If you've ended up here from somewhere outside of this blog, and are looking for an exhaustive comparison of these two libraries, I regret to inform you, this isn't that. If you're here for the next installment of the series breaking down my talk from DjangoConUS 2022, welcome back!
This section of the talk outlines my project's usage of Django Rest Framework (DRF). For some added context, I wanted to start this project using DRF, but ran into some difficulties because the data coming from the game was largely string based and so it wasn't able to be neatly serialized into the types we had in the database. As a result, I ended up using DRF, but I wasn't able to use some of the built in features like viewsets and generics.
If you are new to Django, or have never used DRF, one major reason to consider DRF is if you are interested in returning JSON from your application rather than integrating with the Django frontend. Vanilla Django does a great job with integrating the frontend (templates) and backend code. But if you need to send data to a frontend that's not written in Django, or you are developing an API, DRF has a lot of tools to help.
With that out of the way, there is one bit of this section of the talk that I'd like to amend. In that part, I say that if your data model requires a lot of changes to get from hitting your endpoints to your database (like ours did), that you should consider falling back to vanilla Django (versus powering forward with Django Rest Framework).
What I should have said, is that you can still use DRF, but if you feel like you are fighting with the viewsets or mixins or serializers, you can fall back to the basic APIView
, which allows much more prescriptive code rather than the classes built into DRF, which are powerful, but less flexible. If you are more comfortable with vanilla Django, feel free to head back that way, but DRF is capable of handling scenarios where your incoming data don't match your models.
If you are familiar with DRF, you may be thinking 'isn't that the point of the serializer?' and you would be correct. But, handling too much complexity in the serializer can lead to worse performance. Before I was able to rewrite my incoming data, I tried (with some help from a developer more experienced with DRF) to rewrite our endpoints to use DRF and ended up with more queries than I had before! I needed to update the incoming data before I could improve performance. Otherwise, I needed too many queries to gather everything and return it the way it needed to be to match what our game was expecting. I'm hoping to write up more about how I determined the number of queries, and how I keep my codebase from increasing that number. If that's interesting to you, let me know!
This gets us to the core message I want to convey: Don't feel like you have to choose only one way of doing things in a Django project. Or that you can't evolve your codebase in the future.
Yes, consistency can help readability in a project. But just because some of your endpoints use viewsets doesn't mean that every endpoint needs to use viewsets. Use the right tool for the job.

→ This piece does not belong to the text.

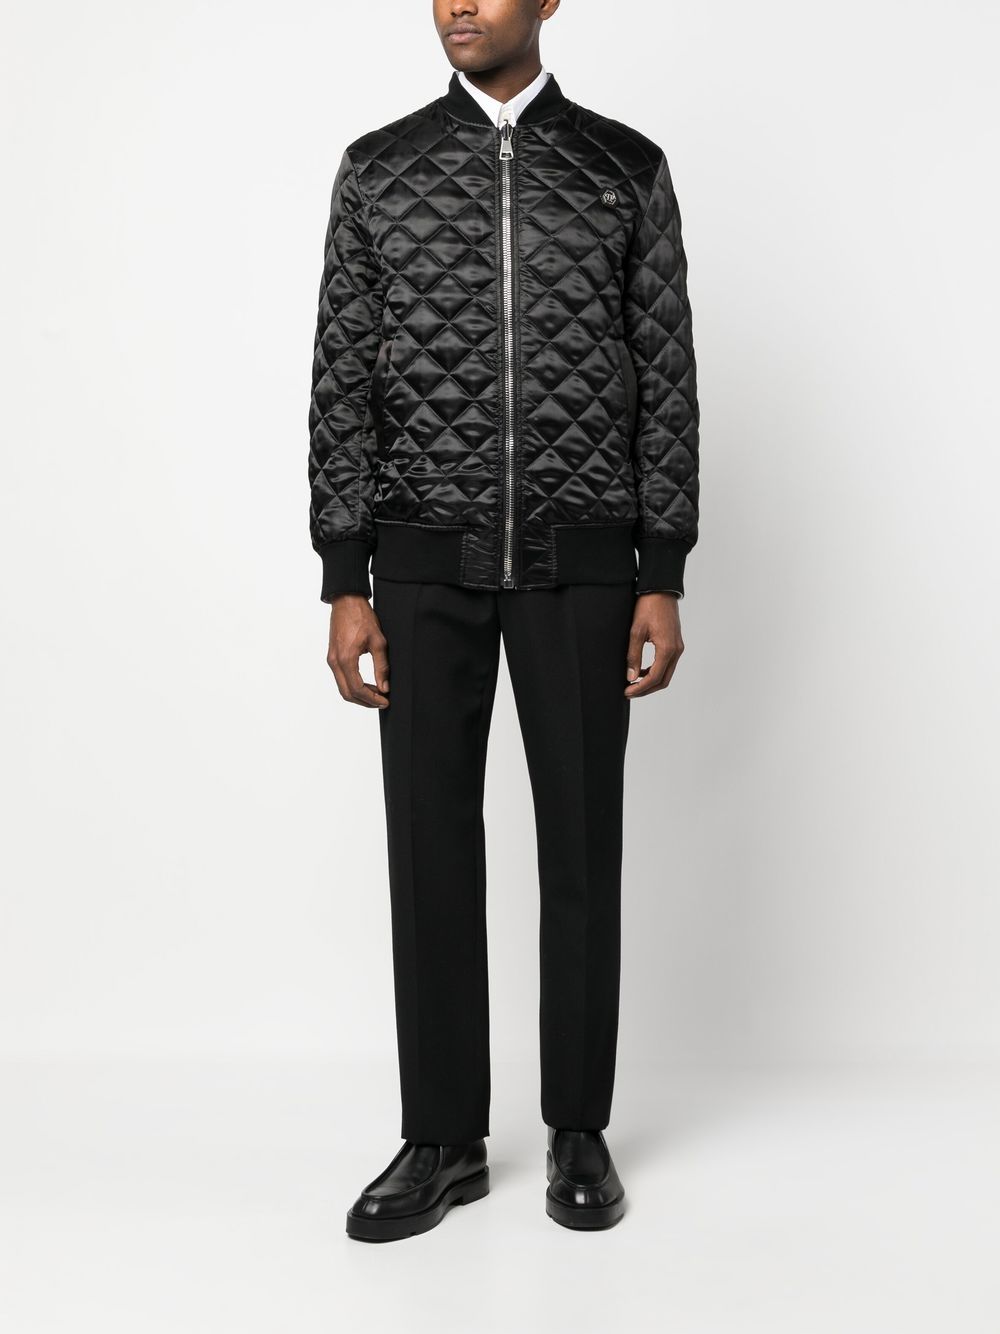 Philipp Plein Reversible Quilted Bomber Jacket - Farfetch
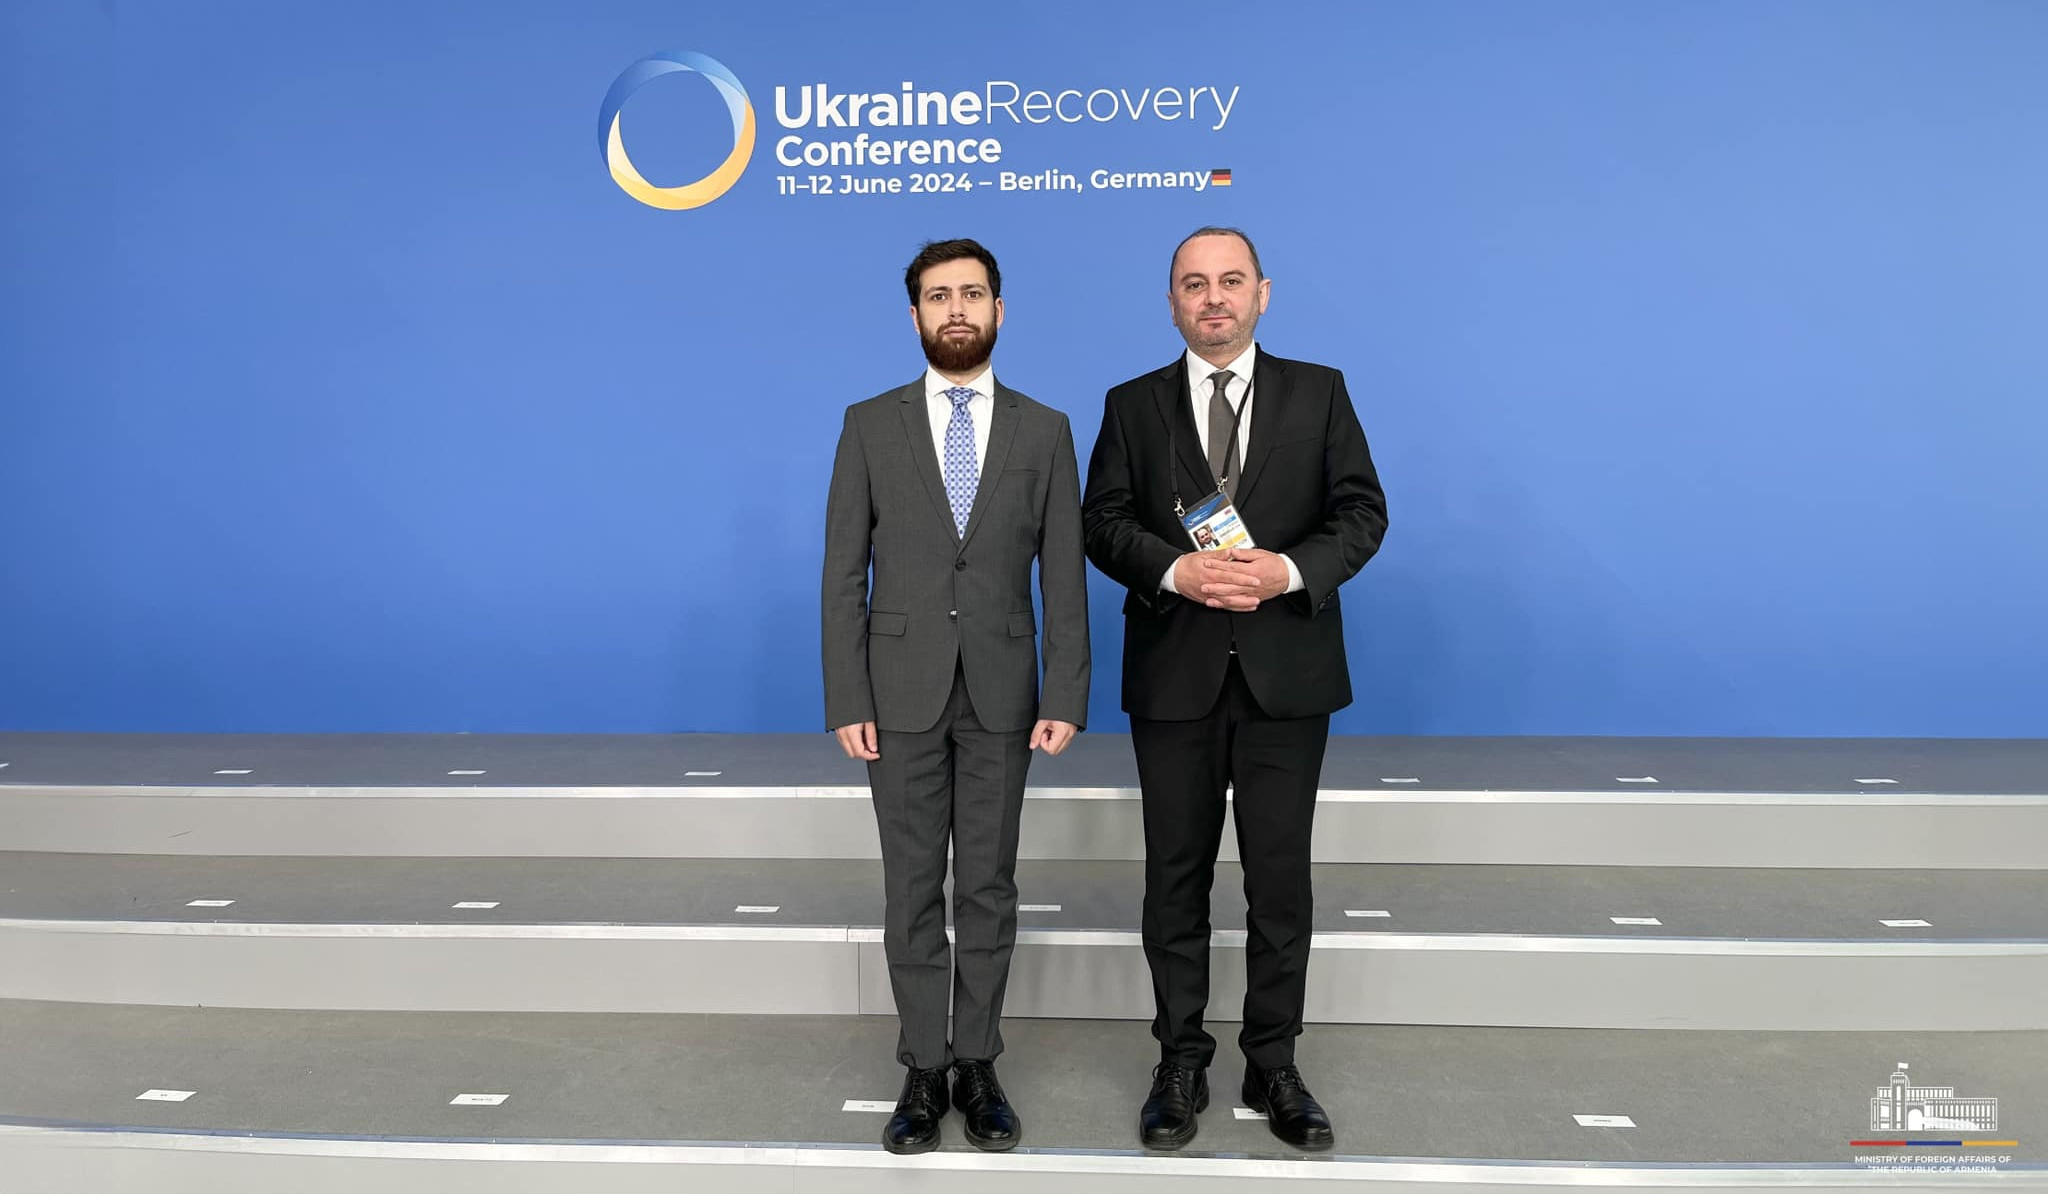 We realize importance of peace: Vahan Kostanyan at conference on reconstruction of Ukraine

It's ok to mix DRF generic views with viewsets, or DRF viewsets with Django class based views if that better matches what you are trying to accomplish for a given route. And you can always evolve your code to better match the libraries you are using as you learn more about them.
One piece of advice from this section of the talk I still find myself coming back to is to really focus on understanding serializers and getting to know the inner workings of DRF (by this I mean what it's doing generally behind the scenes to process requests, not necessarily understanding every line of code in the library). After getting over the initial hump of learning about DRF, it can be easy to write some quick views that work. But it can be harder to modify them if you don't understand some of the basics of what DRF is doing under the hood.
Working with DRF, when I send in data and get an unexpected error, the issue is very often with (what I implemented in) the serializer. Whether that's fields that are missing* (or are not in the model or are misspelled) or I'm trying to do something that isn't possible with a specific serializer class (usually with a serializer that is more specific than what I need). Occasionally, I'll run into an error with a misconfigured URL, or a view that's using the wrong viewset or generic view, but most often, it has to do with the serializer.
*In fact, just today, I hit an error in the admin locally because I forgot to update my serializer after updating a model field's name.
So how do we get to know DRF (and serializers) better? If you don't have an app, build one! Either use the DRF Tutorial or some other tutorial to build an app with DRF. There are many good ones out there (Real Python has quite a few). If you have an app already, try using DRF to rebuild endpoints you already have and see how DRF handles them. Or consider adding a few new endpoints. Think about extra data a user may want, or combining data from multiple tables. Anything different from what the endpoints are currently doing will improve your understanding. Even if these changes aren't optimal, you'll see how changes in the data affect the viewsets/generic views and serializers, which will help your understanding a whole lot more than reading another blog post...
I recently rewrote the majority of the endpoints in my application in DRF, and I love how little code there is in my views.py file now! It's also great that I have fewer queries and less processing to do. A lot of that has to do with the aforementioned update to the incoming data, but it's still great to see.
If you use Django and haven't used DRF (or haven't used it in a while), I highly recommend trying it. There is no need to commit to rewriting your whole application. It can be helpful to simplify endpoints that best match DRF's built in generics or viewsets. And remember that with APIView
you can learn as you go and make things a bit more explicit before diving in entirely with generics and viewsets.